• [Work item] Keep the images out and set the listing below down word for word.

• [Data segment]
-- -- --

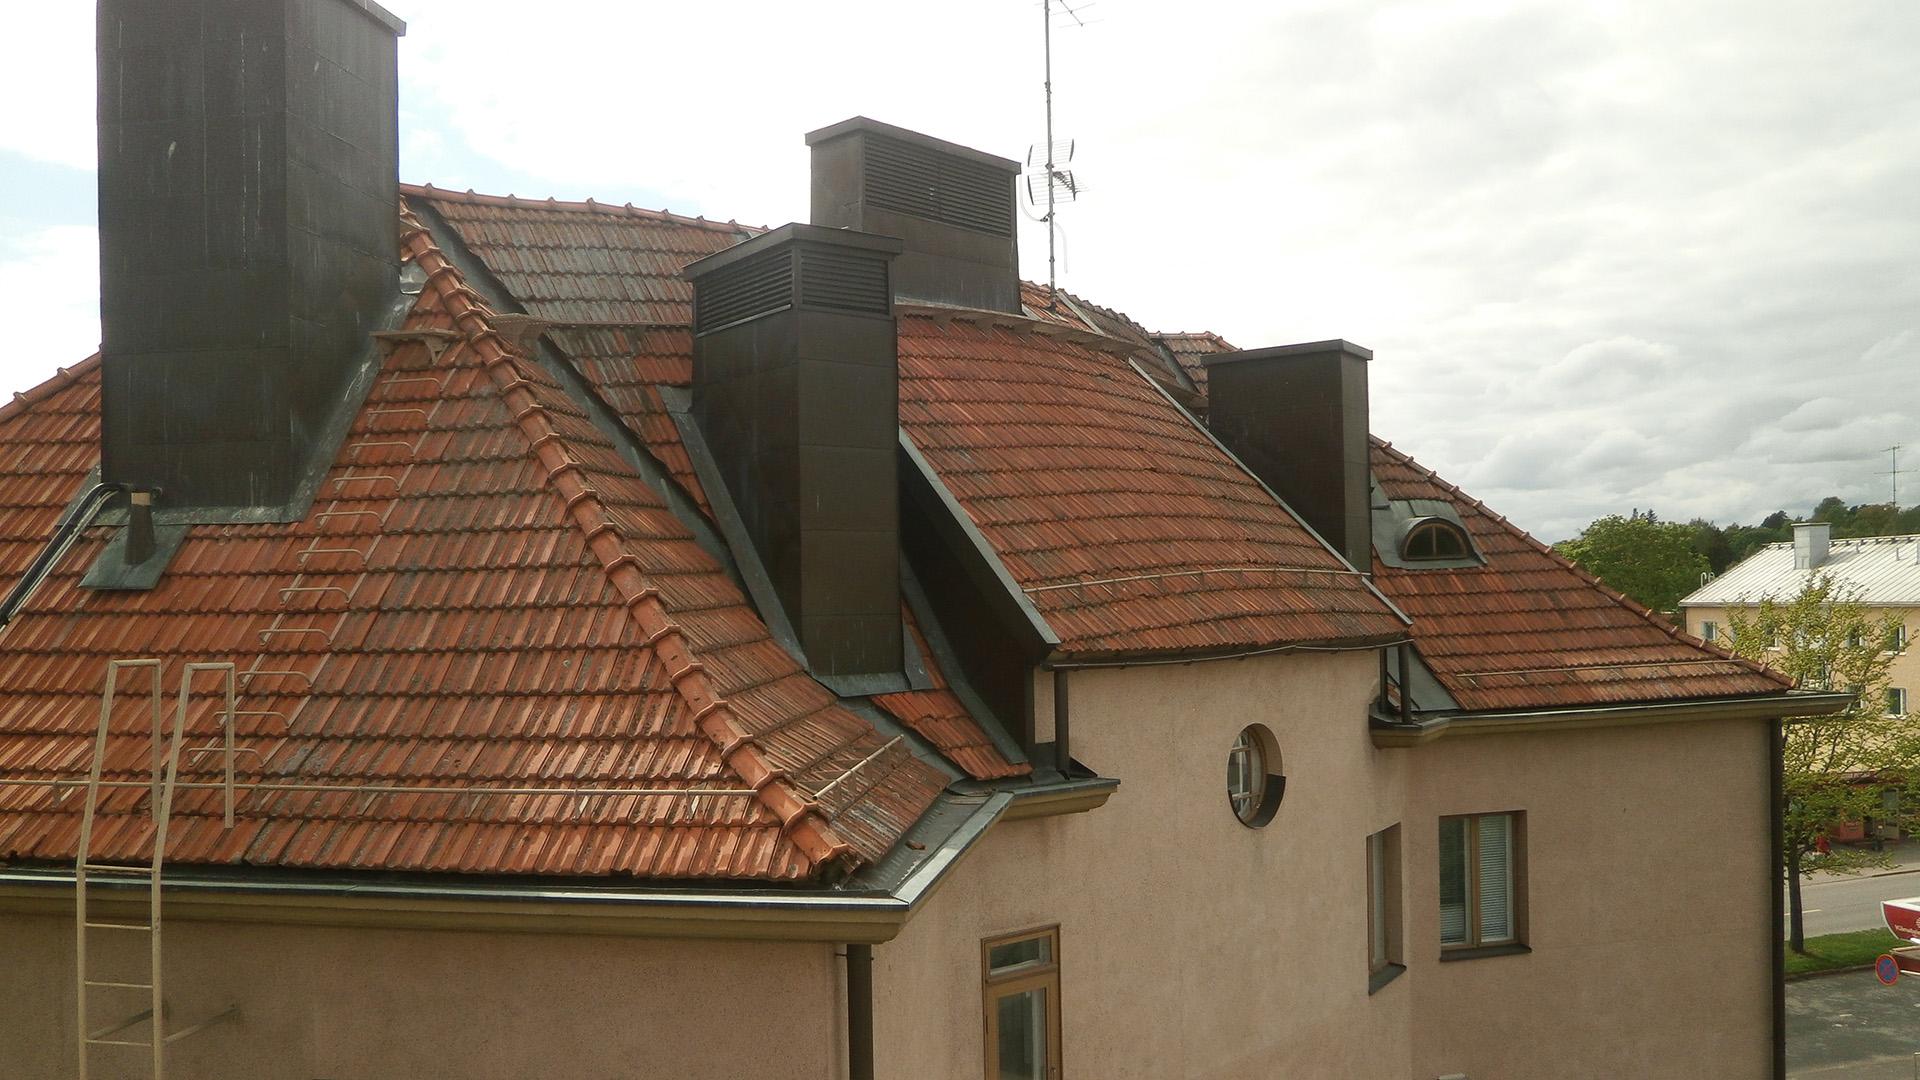 Vanhan katon tiilet olivat jo osittain vaurioituneet ja katon alusrakenteet kaipasivat uusimista.
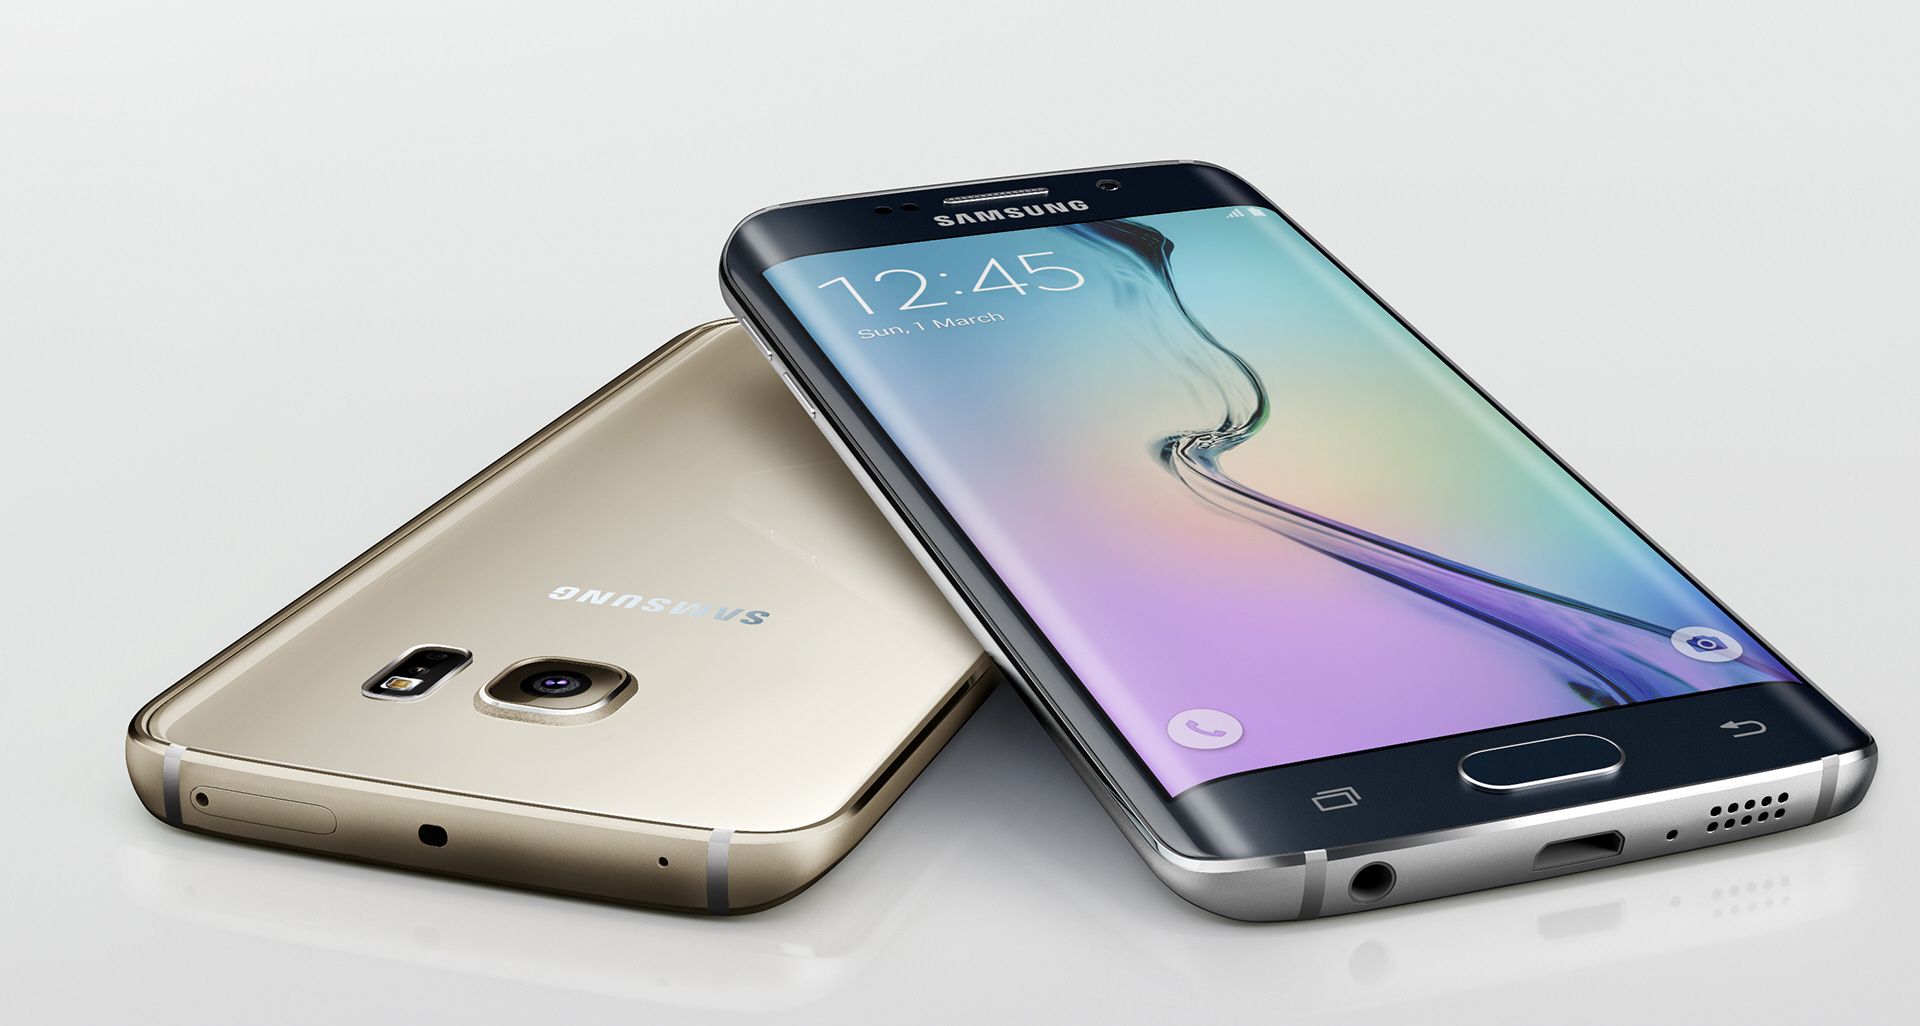 Le Samsung Galaxy S6 Edge est en promotion à 462€
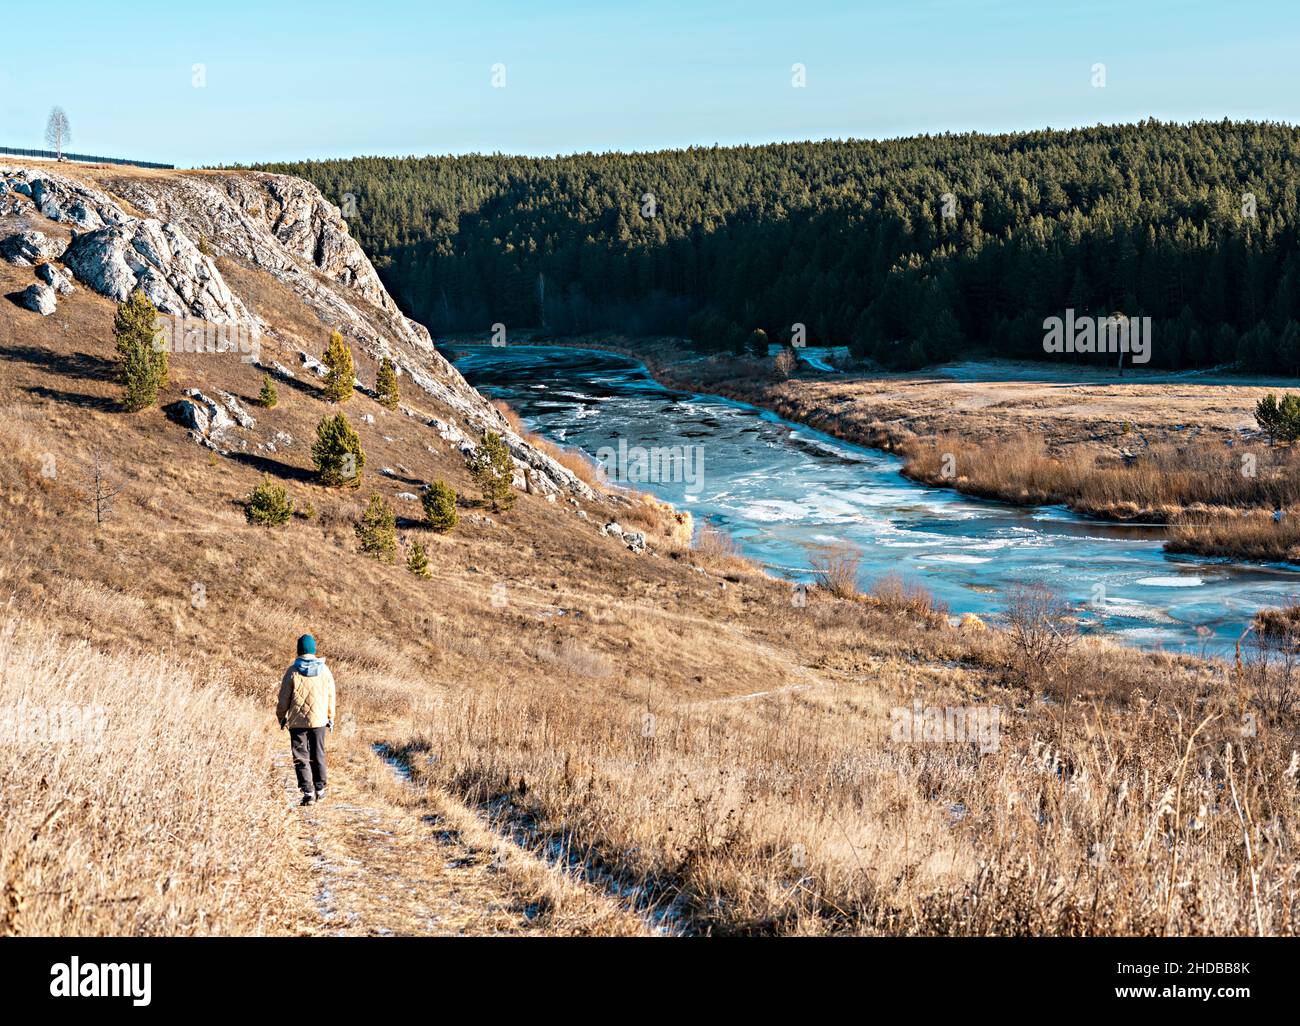 Rückansicht einer Frau in neutralen Farben Kleidung, die im Herbst auf trockenem Gras gegen Felsen und Wald am Fluss entlang läuft, Landschaft in Erdtönen, Wandern genießen Stockfoto

-- -- --

• [Output below]
 Vanhan katon tiilet olivat jo osittain vaurioituneet ja katon alusrakenteet kaipasivat uusimista.
 Le Samsung Galaxy S6 Edge est en promotion à 462€
 Rückansicht einer Frau in neutralen Farben Kleidung, die im Herbst auf trockenem Gras gegen Felsen und Wald am Fluss entlang läuft, Landschaft in Erdtönen, Wandern genießen Stockfoto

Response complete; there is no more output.